About My Self
CHAPTER 2 – August 2019 – 7 years later
It feels as though I started this blog a lifetime ago. I have been compelled to come back to writing every day, like I used to for months as a time. And I guess one of the reasons I was feeling hesitant to do that was that, I am not feeling the same. I also don’t want to write the same things. I feel like this blog needs a “Chapter 2”. I wonder if it is actually a Chapter 3 or a Chapter 4…but I have not been as conscientious about doing this emotional writing for a while so what I am experiencing and want to indicate with this new Intro is a big shift of focus.
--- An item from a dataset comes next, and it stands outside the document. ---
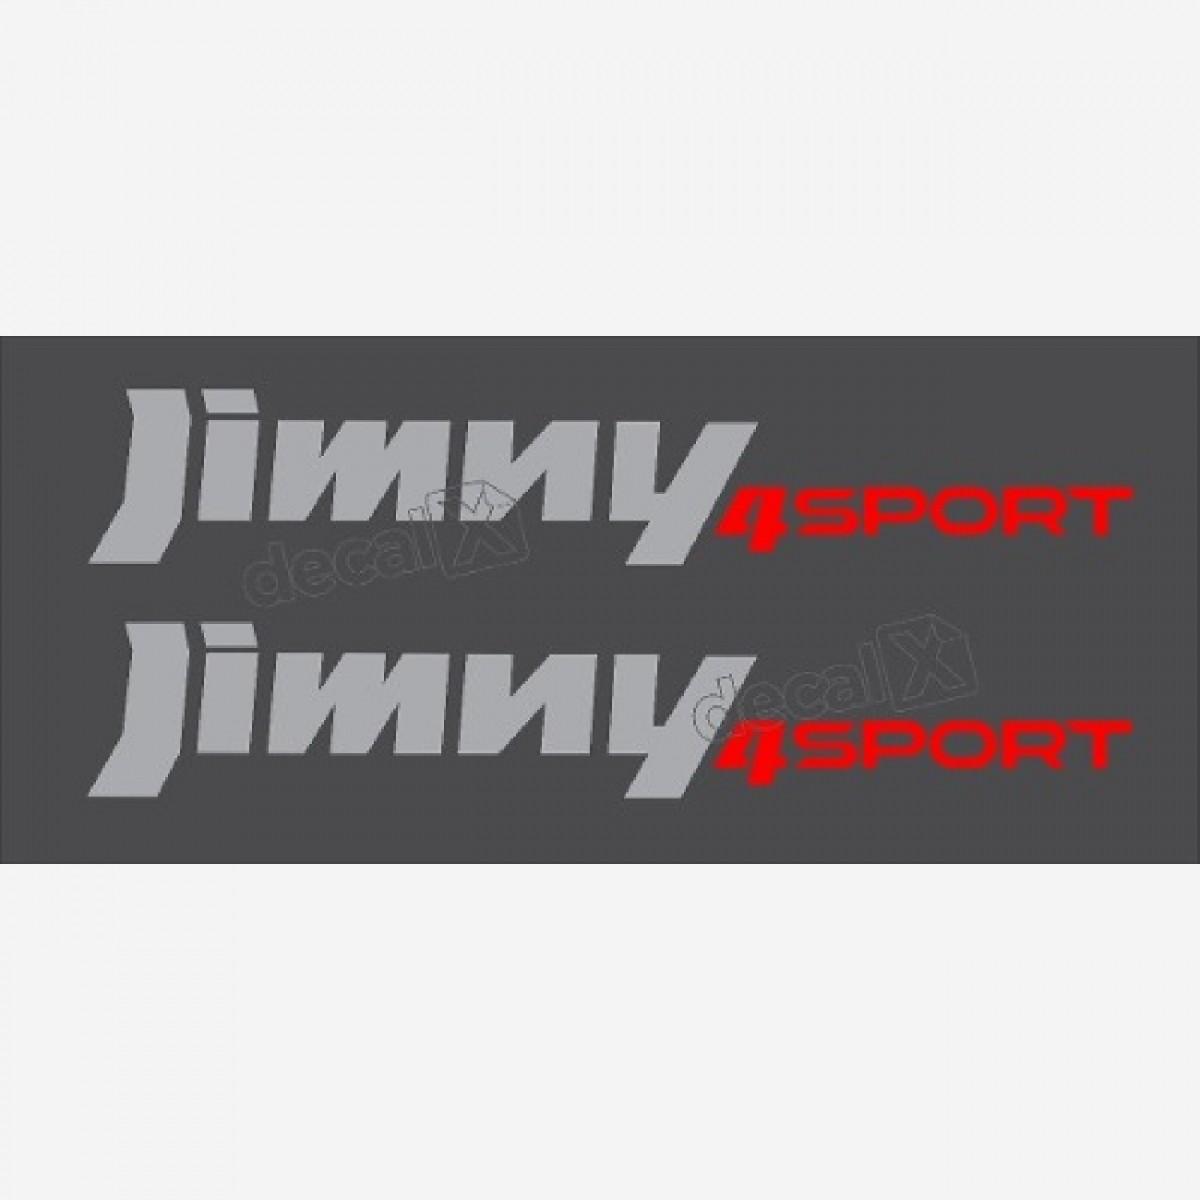 Embelma Adesivo Suzuki Jimny 4sport Par

I think about self-strengthening, self-expression, self-actualization with more awareness of a desire for healthy connection to everything and everyone around me. I think about building and understanding and expanding. The earlier, much earlier entries in this blog were about looking at the mess that was all around me, that was in me, and making sense of how I got there, why, how I could understand and articulate reasons to get out and to change. Now, however, I am in territory that, to some degree, I have never been in before. I believe that big things are there for me. I believe that I am big and rich and valuable for people, for work… I am dying to grow into that bigness. The grandness. I am still leaving doubt and fear behind, but I find them only a fraction as believable to me than I did early on. Have a look back at some early posts and you will see.
Up next is belief in enjoyment, pleasure, bliss, growth, discovery, brand new-ness, in everything I can possible find it in….
—- Chapter 1 below — 🙂
It is July 18, 2015, and I am updating this Front Page of my blog for the first time since I began it…almost 3 years ago!
This blog is about me. And therefore, like I am, it is both complete AND a work in progress. The first time I wrote this opening entry I wrote, “This is a risk. This page. Because I don’t really know about myself.” I no longer feel that the blog is ‘risky’. It is one of the ways I have brought my Self back into a state of life and living these last couple of years. As some of you have already read here, I am codependent, and I have ‘gotten along’ in life according to my understanding of what other people need from me as well as what I think other people know of me. My experience of life has shifted, thankfully! I have begun to truly understand and believe that what I know of myself, what I experience of myself is the most important information I have about how to live my life, and how to live with and love others. For the longest time looking at My Self felt selfish, and scary. I admit that sometimes my spiritual work certainly resembles a lot of navel-gazing. But that has been necessary. Because I have had to learn to be personally accountable and personally responsible for my feelings, for everything about me. Because that is my most important job on this planet. I had to look backwards and inwards in order to move forward. The disorientation is subsiding bit by bit, however. And I feel some forward and upward momentum. For the fun of it maybe check out of couple early posts and then jump forward bit by bit. It’s been quite a trip down memory (trauma, recovery, and growth) lane. Thank you to all of you out there who have followed, liked, and commented on my blog contributions. I am fortunate to have learned from you beautiful people some of the most underrated lessons – that I have the need for real love, I have have real love to give, and that I am not alone. And no matter the ups and downs of life, I am always a being of beauty on this planet.